EXERCISE DETAILS: Down to the last line, set down the material below exactly, excluding pictures.

-------- DATASET EXTRACT --------

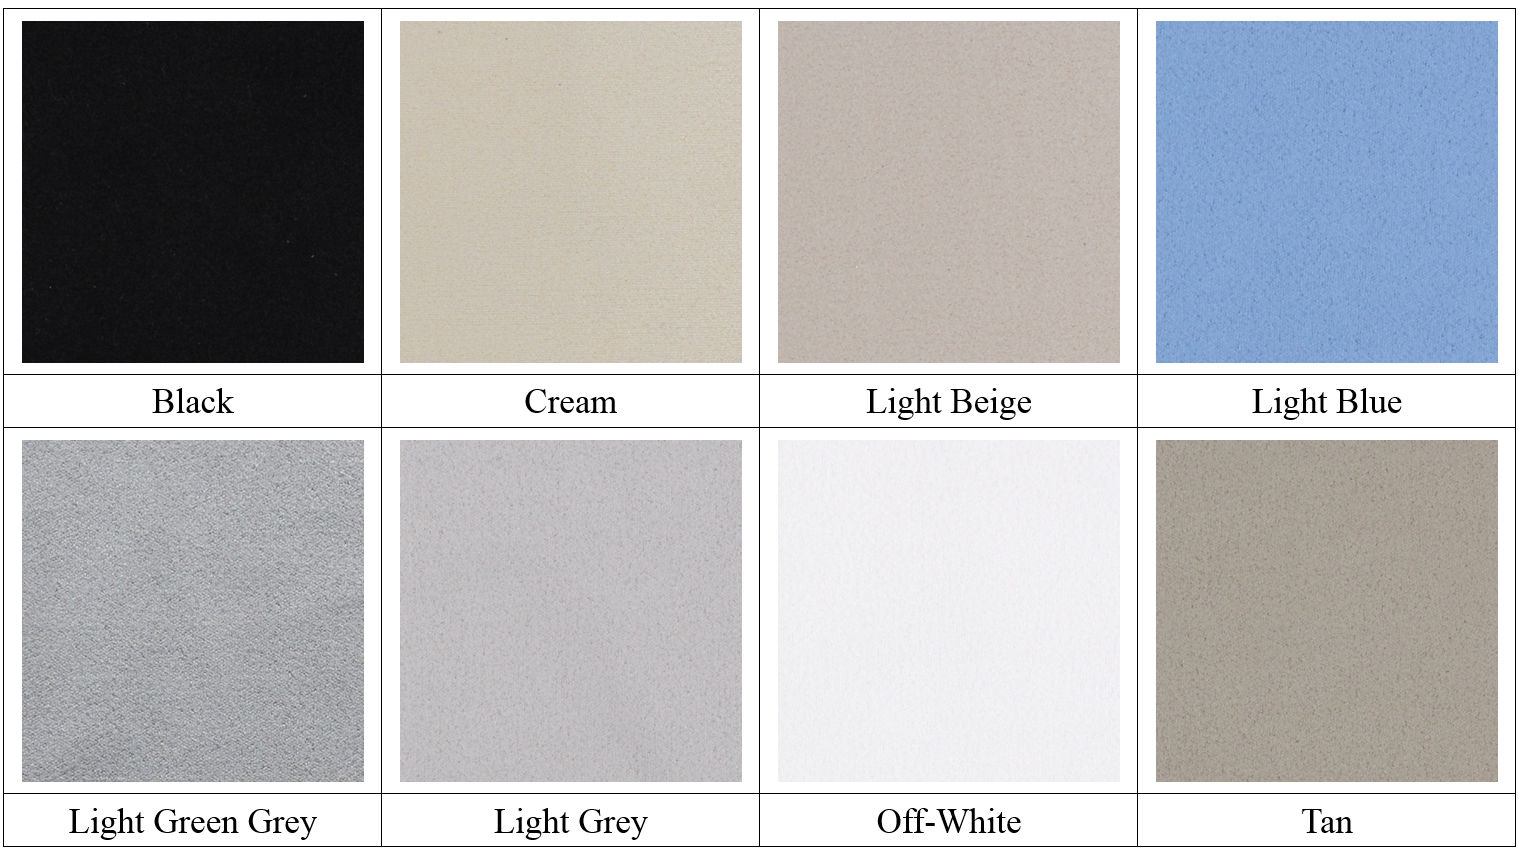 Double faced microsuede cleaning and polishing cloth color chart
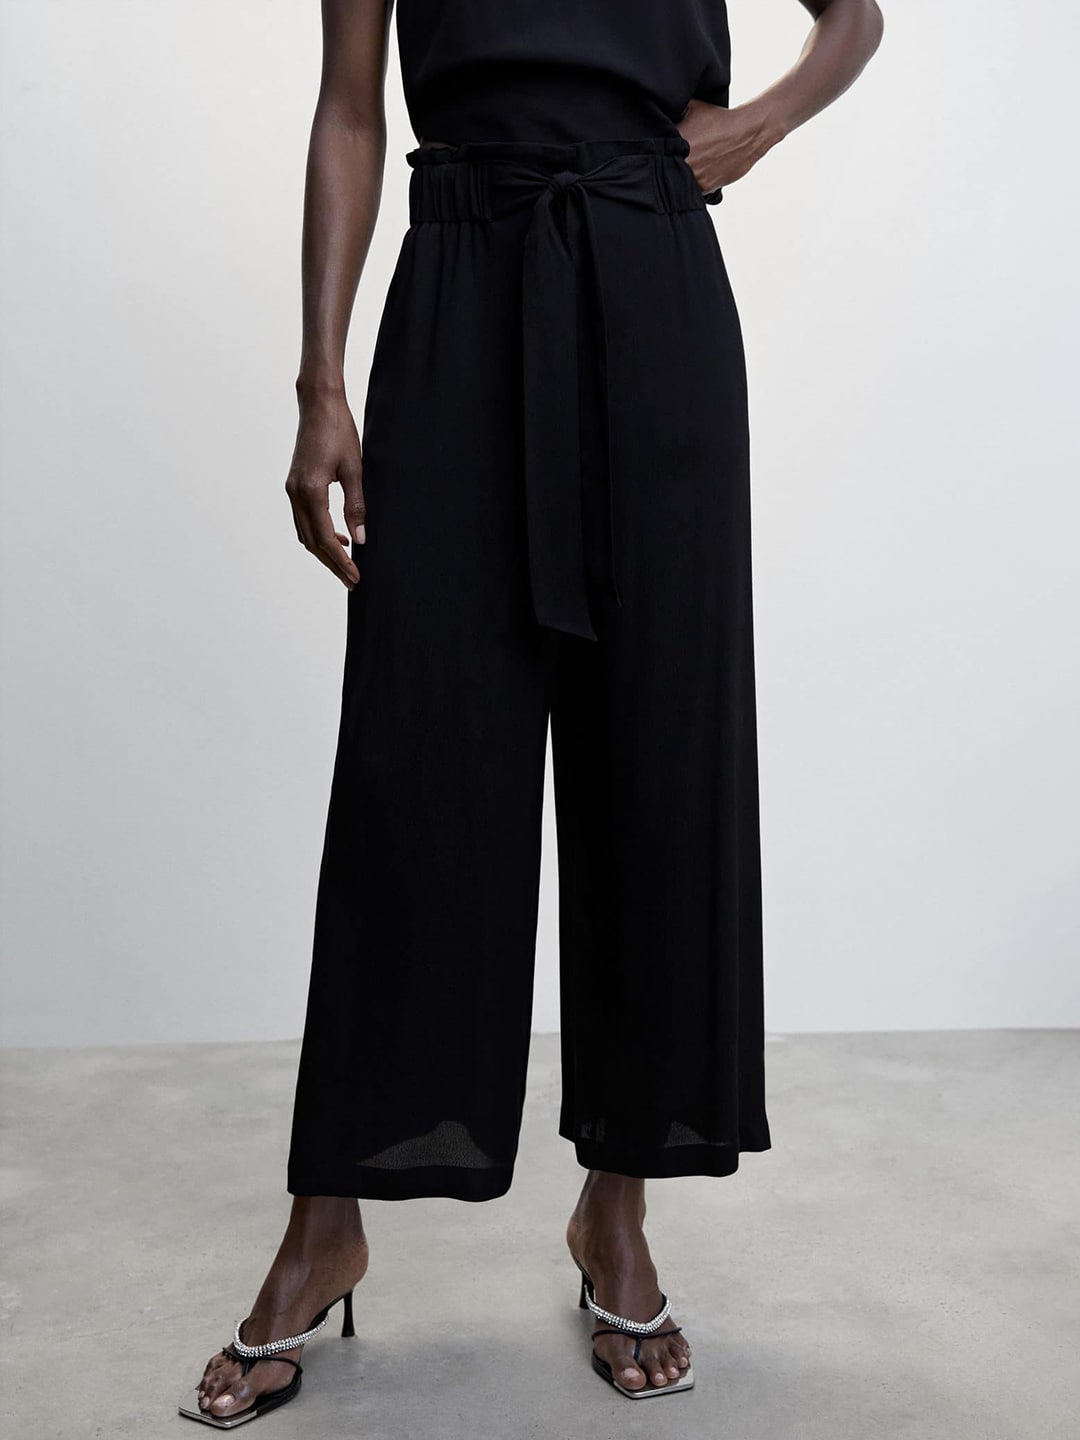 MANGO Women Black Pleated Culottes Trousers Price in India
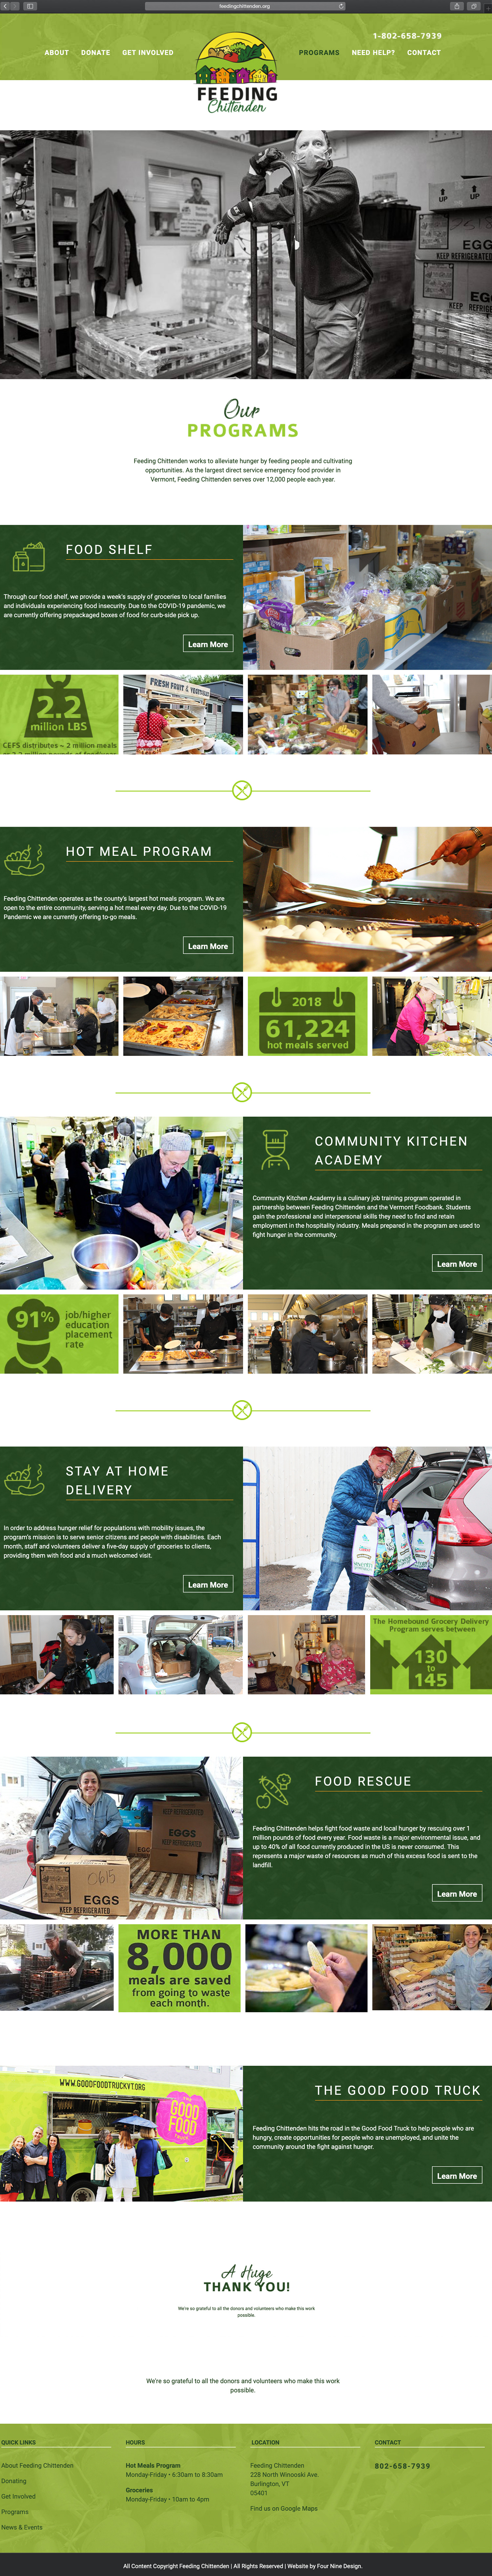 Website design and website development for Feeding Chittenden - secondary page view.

--------

WORKED SOLUTION:
 Double faced microsuede cleaning and polishing cloth color chart
 MANGO Women Black Pleated Culottes Trousers Price in India
 Website design and website development for Feeding Chittenden - secondary page view.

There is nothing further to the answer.